Wada Akira, Craft Jason, Mazzaferri Ernest L
Department of Cardiovascular Medicine, The Ohio State University Wexner Medical Center, Columbus, OH 43210, USA.
Cardiol Res. 2014 Dec;5(6):188-190. doi: 10.14740/cr356w. Epub 2014 Dec 4.

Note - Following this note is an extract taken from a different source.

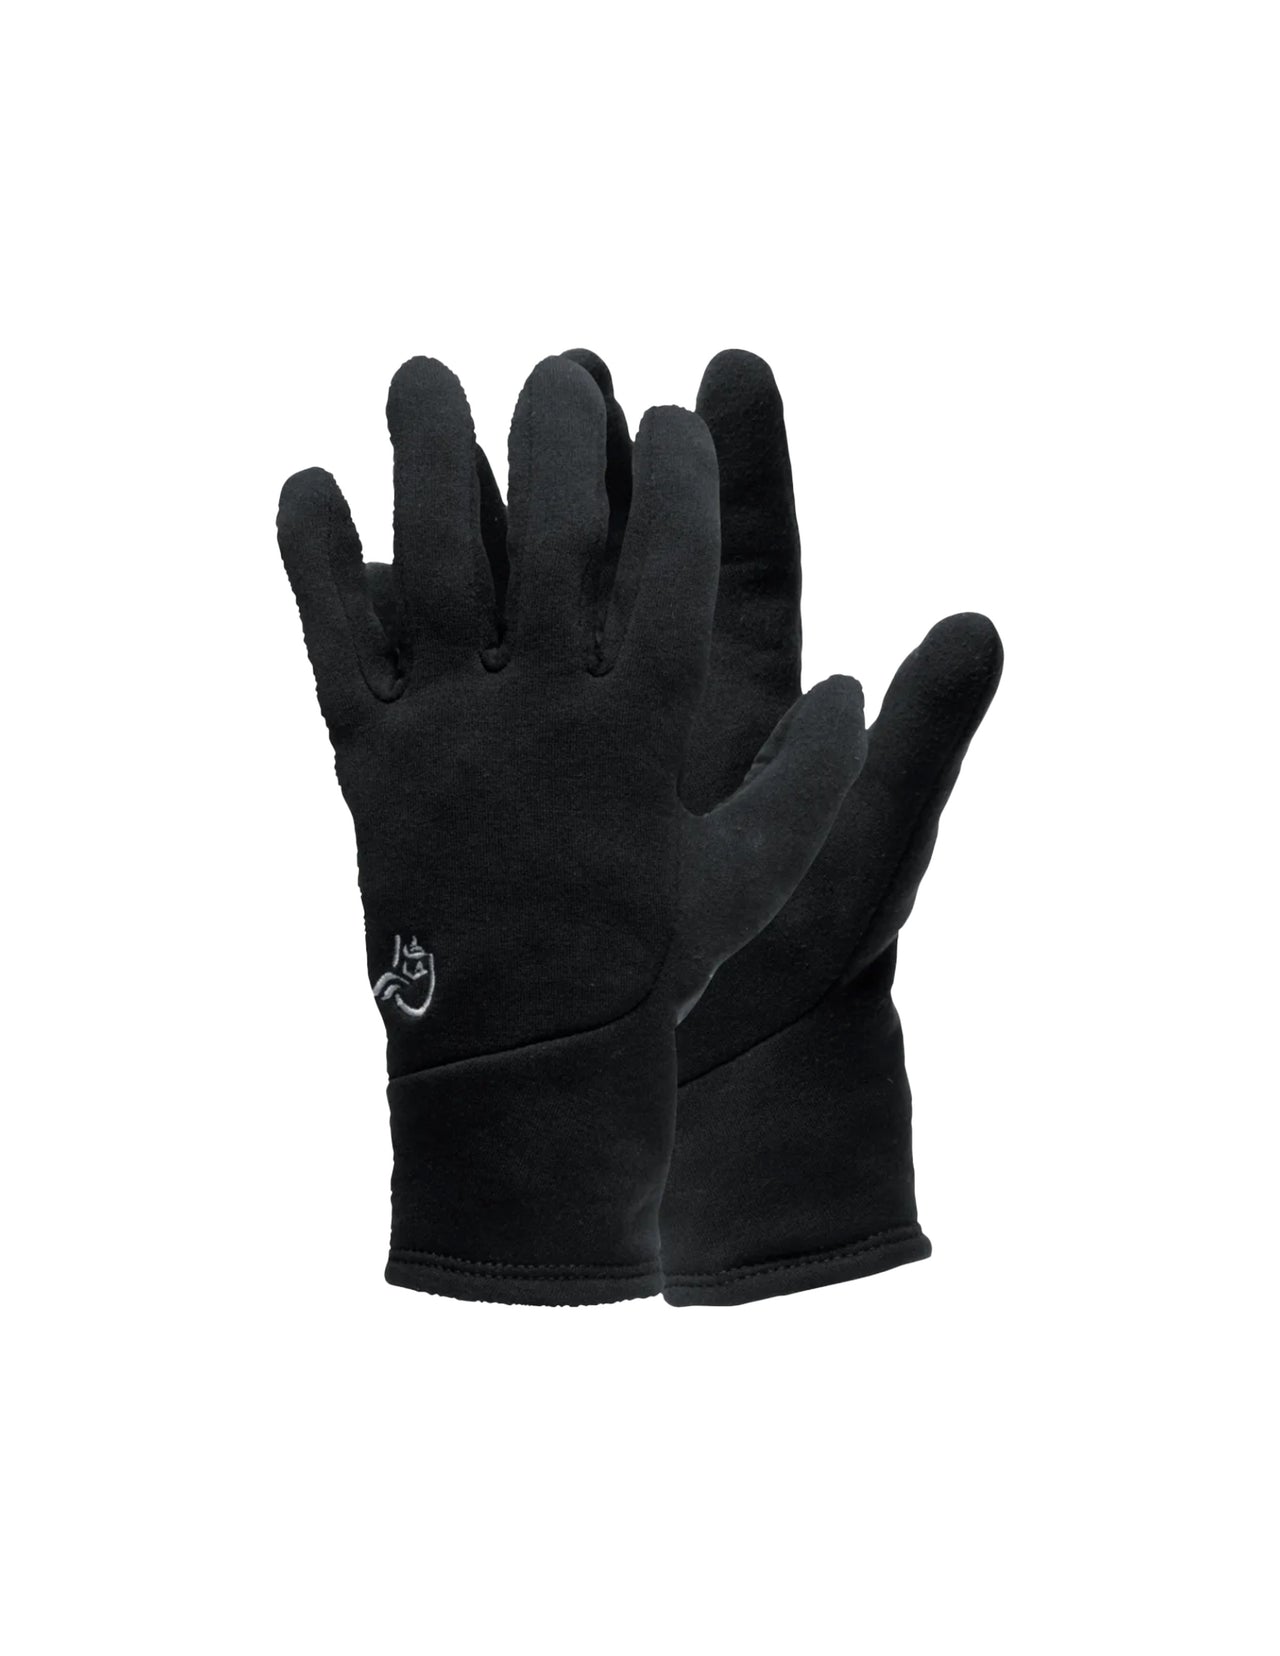 /29 Powerstretch Gloves in Caviar

We report a case of a previously healthy 61-year-old immunocompetent male who was found to have purulent bacterial pericarditis. The patient was initially diagnosed with pneumococcal pneumonia and bacteremia after presenting with chest pain and a productive cough. He was found to have a purulent pericardial effusion and underwent surgical washout and creation of a pericardial window. In short time he developed signs of right heart failure and a cardiac MRI revealed a severely thickened pericardium with evidence of constrictive pericarditis. The patient subsequently underwent pericardiectomy where the diagnosis of constriction was confirmed. Our patient recovered well and had no clinical evidence of heart failure on follow-up. This case demonstrates the importance of rapid identification of bacterial pericarditis and the high likelihood of progression to constriction.
我们报告一例既往健康的61岁免疫功能正常男性,被发现患有化脓性细菌性心包炎。该患者最初因胸痛和咳痰而被诊断为肺炎球菌肺炎和菌血症。他被发现有脓性心包积液,并接受了手术冲洗和心包开窗术。短期内他出现了右心衰竭的症状,心脏磁共振成像显示心包严重增厚,有缩窄性心包炎的证据。患者随后接受了心包切除术,术中证实了缩窄的诊断。我们的患者恢复良好,随访时无心力衰竭的临床证据。该病例表明快速识别细菌性心包炎的重要性以及进展为缩窄的高可能性。